== AVAILABLE DATA
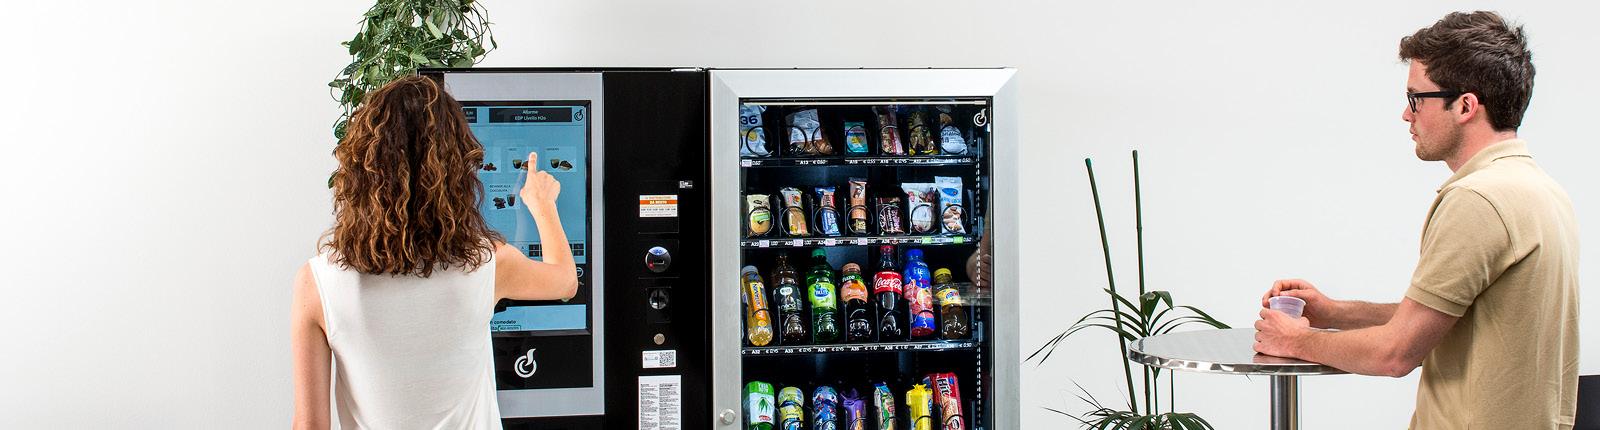 automatic-service-koffee-pause-bolzano5
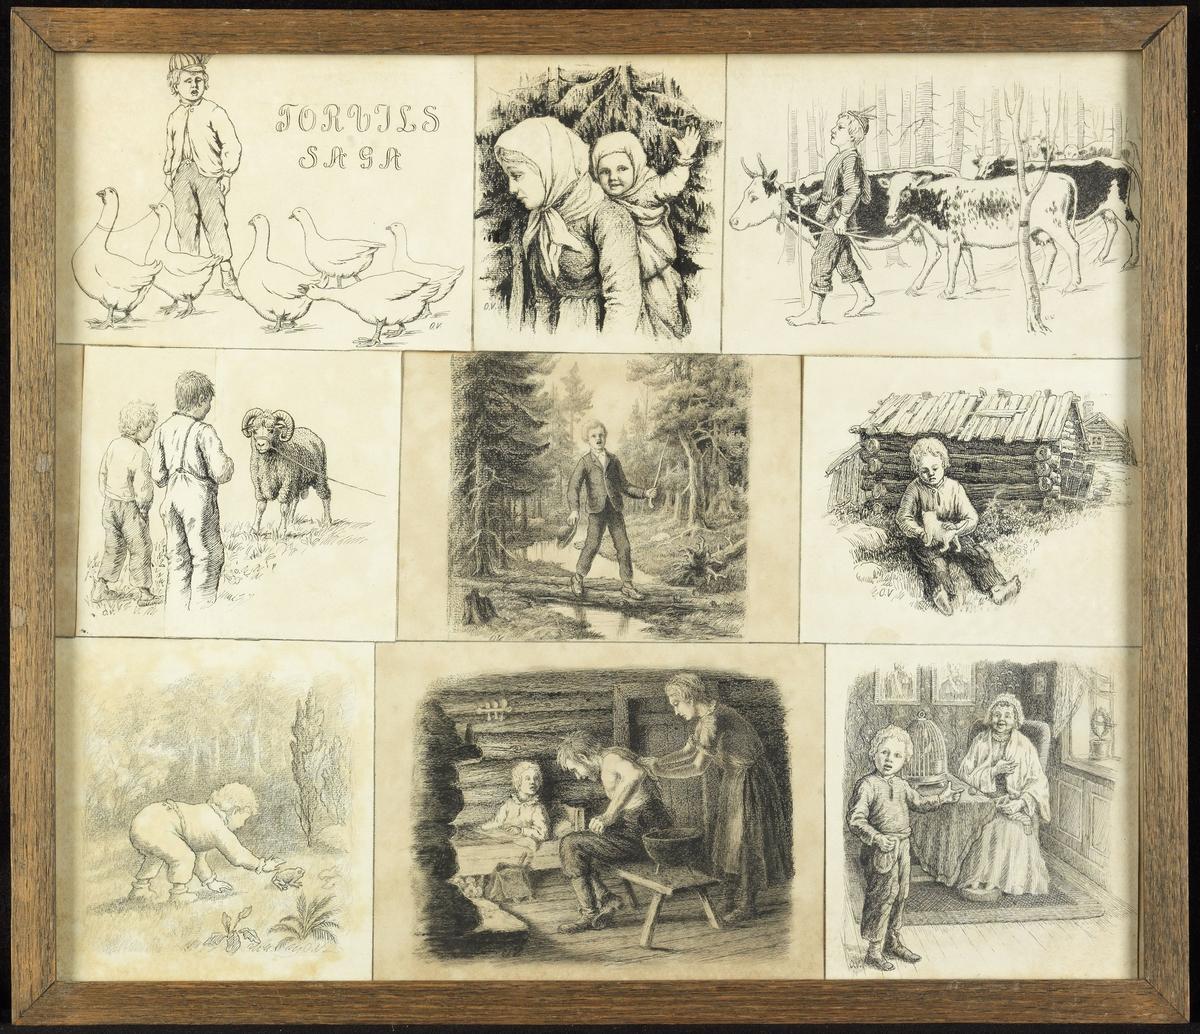 Ned.f.v. liten gutt og padde, (blyant og tusj); interiør m. kv. som steller m. sittende mann, gutt ; interiør m. gutt og sittende gammelkv., fuglebur; 2.rekke f.v. 2 gutter, vær; gutt på klopp i skogen; sittende liten gutt m. katt; øv.f.v. gutt m. gjess; ung kvinne m. barn på ryggen; gutt m. kuer
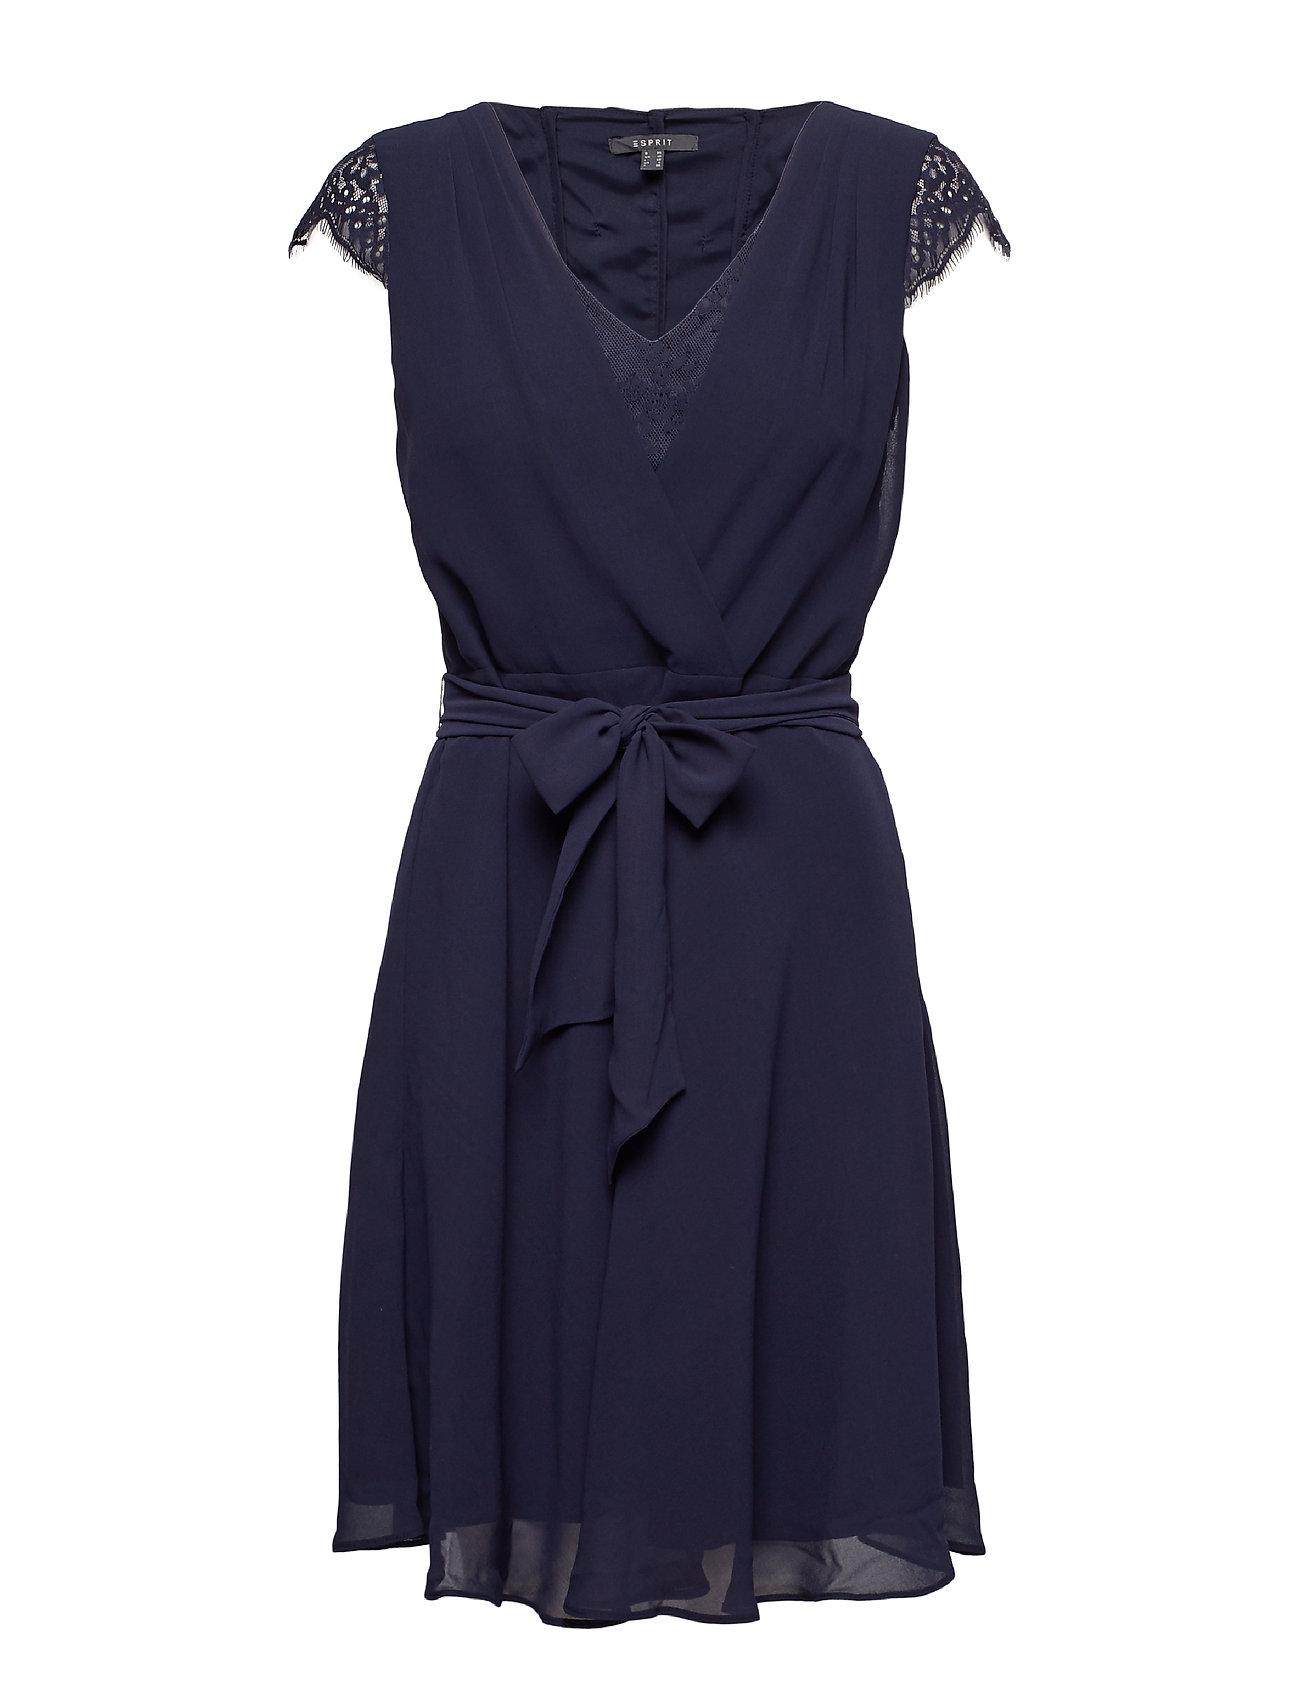 5520b2d0d1b Dresses Light Woven korte kjoler fra Esprit til dame i Blå - Pashion.dk
====
__YOUR INSTRUCTIONS__
Do not include the images; transcribe the rest of the listing exactly.

__RESPONSE TO THE TASK__
 automatic-service-koffee-pause-bolzano5
 Ned.f.v. liten gutt og padde, (blyant og tusj); interiør m. kv. som steller m. sittende mann, gutt ; interiør m. gutt og sittende gammelkv., fuglebur; 2.rekke f.v. 2 gutter, vær; gutt på klopp i skogen; sittende liten gutt m. katt; øv.f.v. gutt m. gjess; ung kvinne m. barn på ryggen; gutt m. kuer
 5520b2d0d1b Dresses Light Woven korte kjoler fra Esprit til dame i Blå - Pashion.dk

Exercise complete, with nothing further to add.